Andy Griffith's Finest Hour

Via Flickr
With the recent passing of Andy Griffith, there's going to be a lot of talk about Mayberry...maybe, maybe too much talk.

This post isn't going to cover Griffith's television work at all....instead, it's a film that I recently saw, and quite honestly, I think it's probably the best way to celebrate his career.

A Face In the Crowd, directed by Elia Kazan, would have very little problem fitting into our contemporary culture, focusing on a small time drifter's media-driven rise to fame and power.  It's a story that we're seeing play out on a regular basis 50 years after the film was made, but the film still feels fresh and insightful. (Thank Budd Schulberg's screenplay, which may have integrated various real-life influences, but never comes across as derivative or accusatory)

But the real secret of the movie is Griffith's performance - in many films of this nature, the temptation would have been to make the character somehow "likeable". In similar performances, there is often a slight "tell" in attitude where the actor says I'm not really this bad of a person - I'm just playing a bad guy.

Andy Griffith never does this - all throughout the film, he gives off such a Machiavellian sense of purpose, and an extremely malevolent attitude, that it's hard to reconcile this with the small-town sheriff he would portray ten years' later. It's the kind of performance most modern actors might avoid, or worse, play up the more "crazy" aspects. Griffith's performance heads along a razor-sharp line between his character's public "down-home" persona and a more ambitious, scheming, arrogant private persona.

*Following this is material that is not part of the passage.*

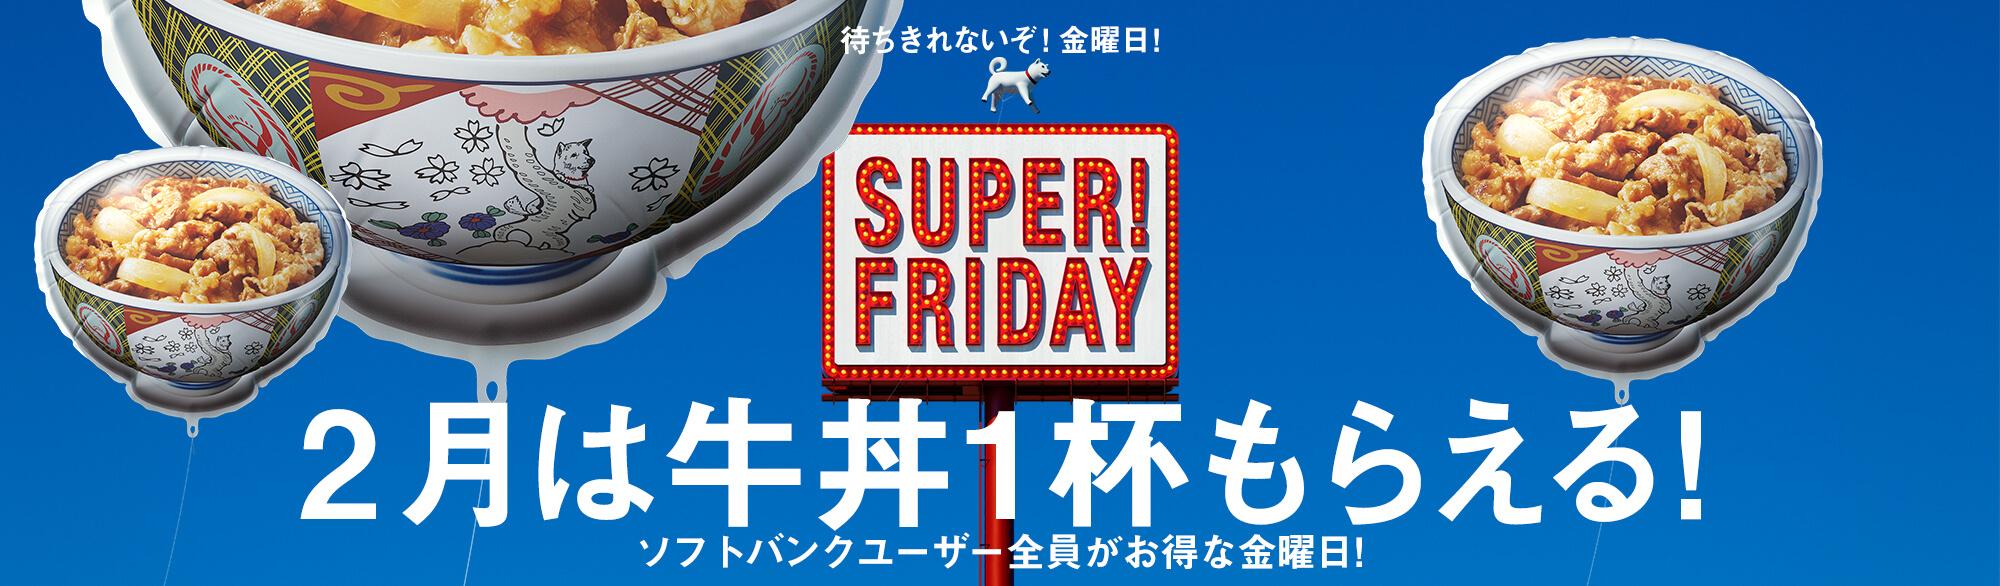 2019年2月「SUPER FRIDAY」で牛丼(並盛)をプレゼント
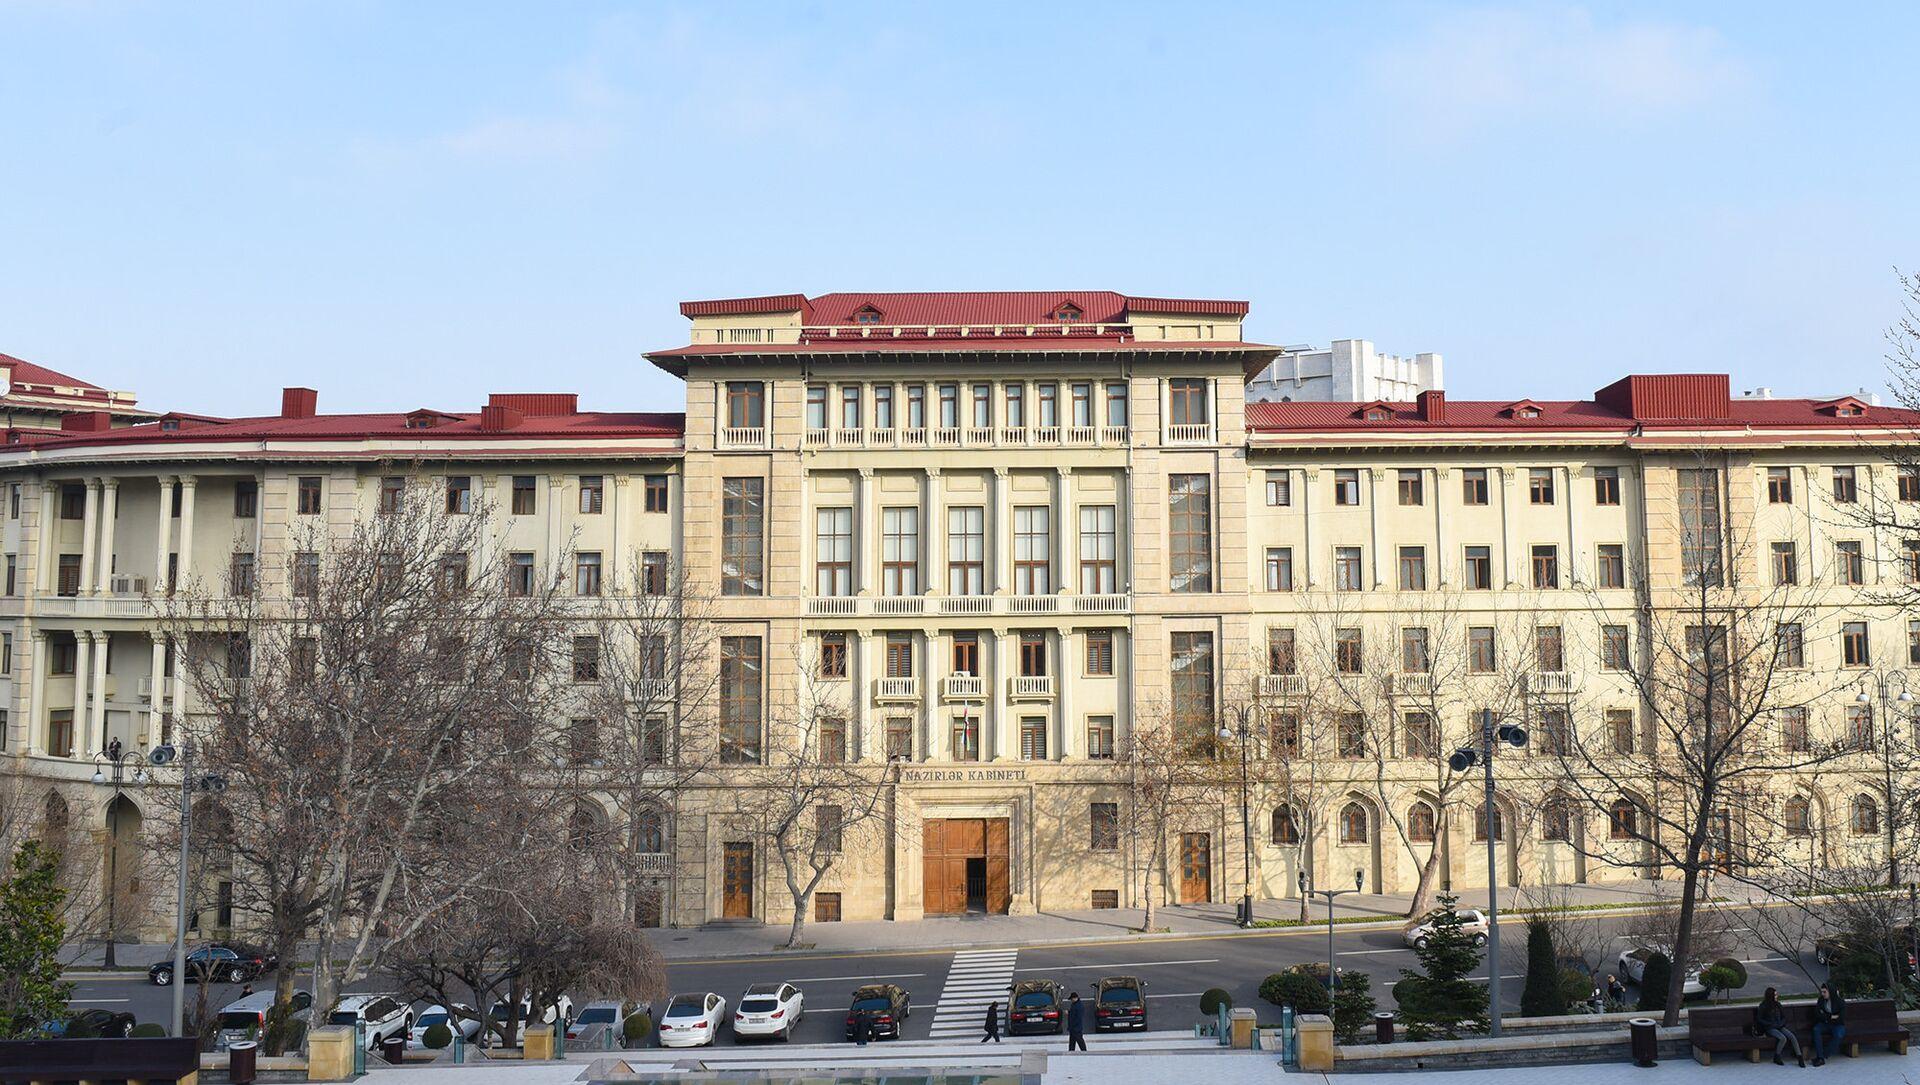 Кабинет министров Азербайджанской Республики - Sputnik Азербайджан, 1920, 20.04.2021

Throughout this week, many television stations may rerun marathons of Matlock and The Andy Griffith Show. We'll even discuss how that personal helped a nation through a turbulent time in its history.

But for my money, I'd rather honor his life with A Face In the Crowd. It's one of the best movies I've seen in a long time....and I think this is the best way to celebrate his career.

It's his finest hour. Do yourself a favor. See it. Now.